The technical barriers are manageable. Companies can source sensors from established suppliers, integrate open-source AI models for edge computing, and focus on the crucial calibration work that requires local knowledge. Dhaka's traffic patterns, monsoon humidity levels, and power grid characteristics all generate data that generic global solutions cannot handle effectively.

Enterprise AI adoption as economic strategy: Bangladesh's startup ecosystem includes over 1,000 ventures, but the economic impact lies in enabling existing enterprises to adopt AI. Most micro, small, and medium enterprises operate on paper records, creating productivity improvement potential. In our neighbouring countries, government initiatives have moved thousands of small manufacturers online through subsidised tools and training programmes. China has equipped rural cooperatives with AI-powered crop advisory systems and demand forecasting tools through provincial development programmes.

Bangladesh can adapt these approaches through existing institutional networks. Chambers of commerce and industry associations already have established relationships with member companies. Enterprise adoption transforms productivity at scale. Data suggests that AI-powered inventory systems reduce working capital requirements for textile manufacturers while cutting stockout losses. Customer communication platforms handle max routine inquiries automatically, allowing staff to focus on complex problems.
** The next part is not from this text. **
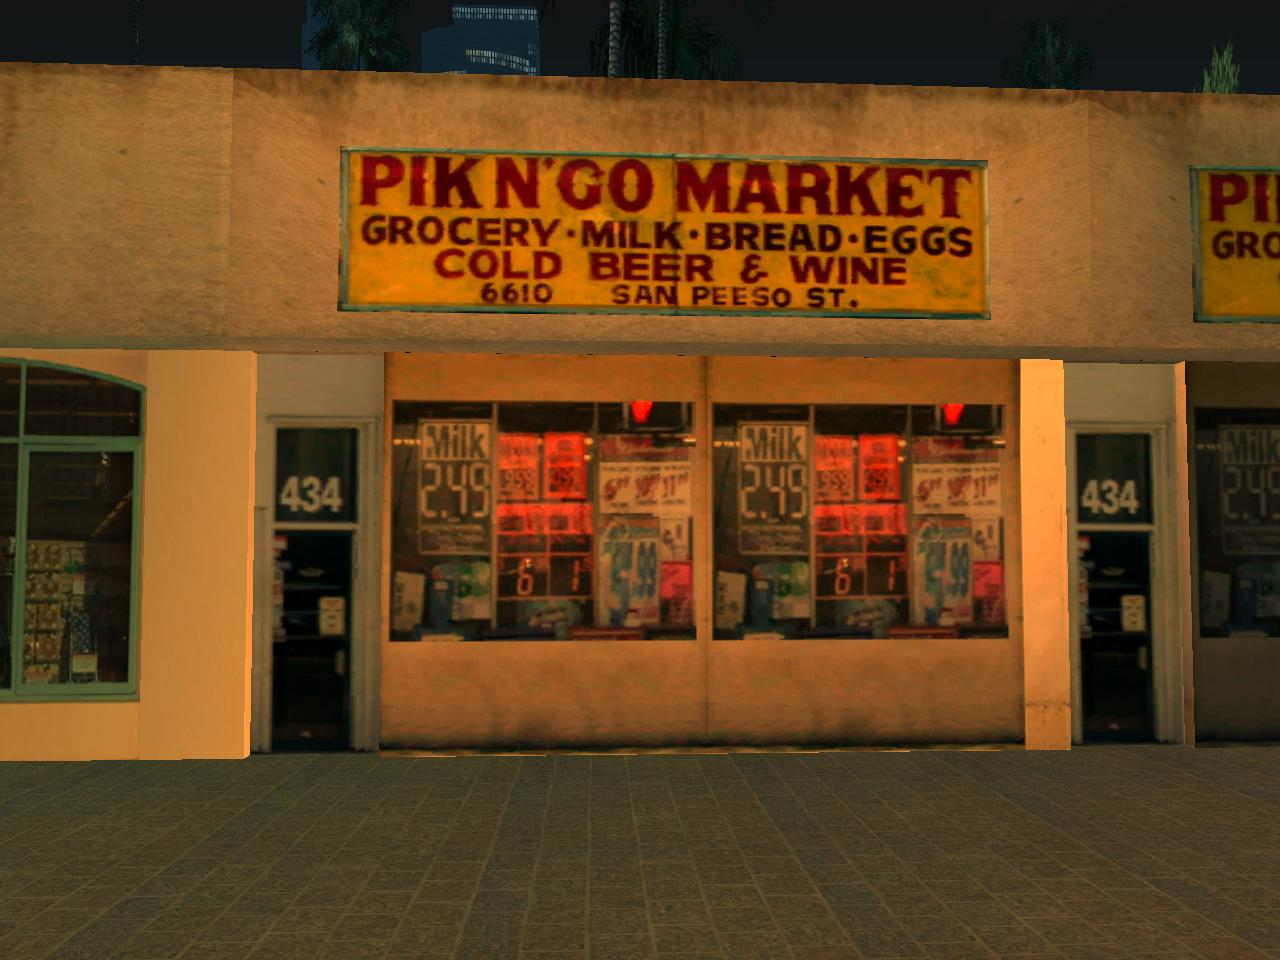 Pik N' Go Market
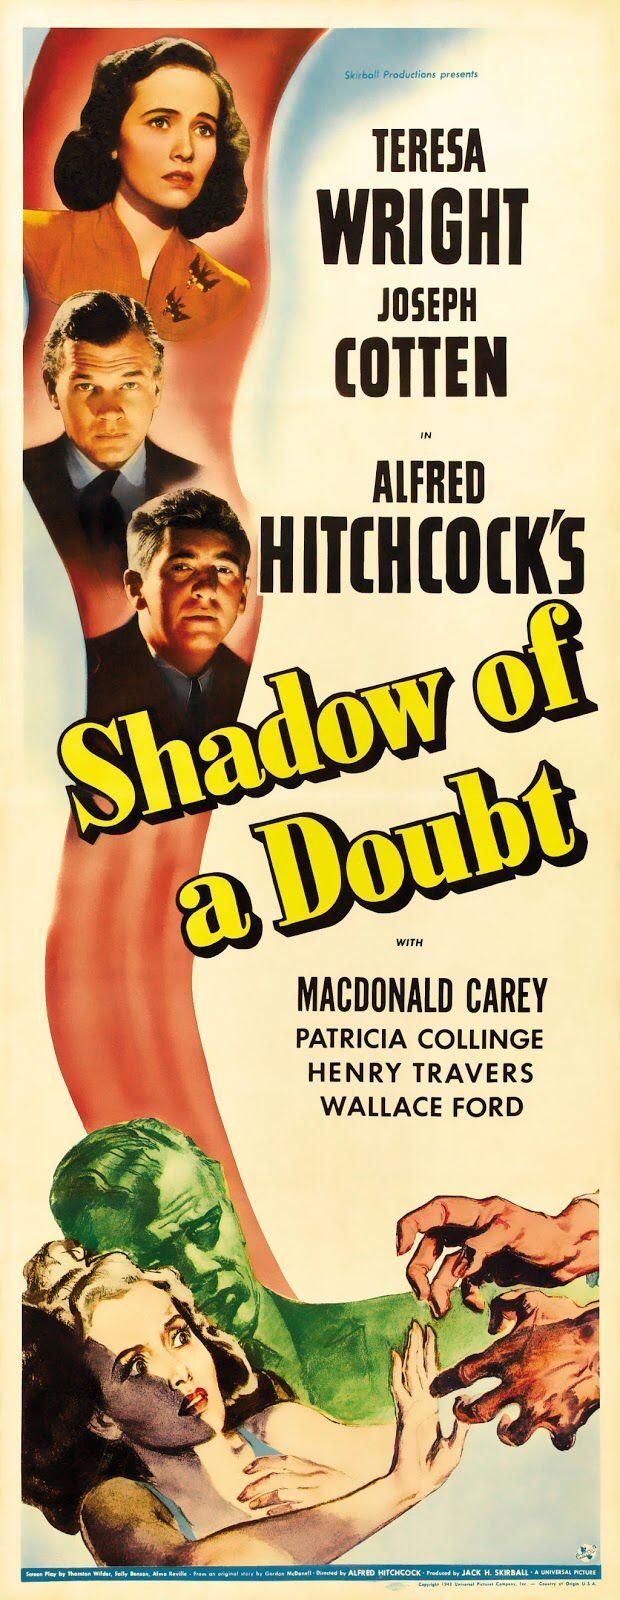 Shadow of a Doubt (1943) Teresa Wright, Joseph Cotten, Macdonald Carey, Patricia Collinge, Henry Travers

Supply chain forecasting algorithms prevent good amount of revenue losses that come from demand miscalculation during seasonal peaks. Specific implementations around the world already show immediate results.

The integration advantage: The global pattern is clear to us. Companies like Freshworks, Samsara, and Xiaomi built billion-dollar businesses by embedding AI into domain-specific problems rather than competing on foundational research.

Bangladesh does possess some comparative advantages: a technically capable workforce comfortable with English and Bangla, competitive manufacturing costs, and domestic testing markets.

Time for national coordination: The window for establishing leadership in applied AI is closing soon. Countries which will be building expertise now in software integration, hardware deployment, and enterprise adoption will create advantage for the next AI world that will compound over time. Those that delay face importing solutions designed elsewhere rather than building local capabilities.

Bangladesh may not control the foundation models, but it can control how those models are applied. Building the integration capability now means shaping industries, creating jobs, and positioning local firms in global value chains. We require a coordinated national strategy aligning government policy, educational institutions, and private sector investment around these three domains. Foundation models belong to the Silicon Valleys, but the applications layer that determines how AI improves human productivity remains open for competition. The country that owns the integration between artificial intelligence and real-world problems will capture the economic benefits of the AI revolution. For Bangladesh, the choice is between building that integration capability now or watching others do it instead.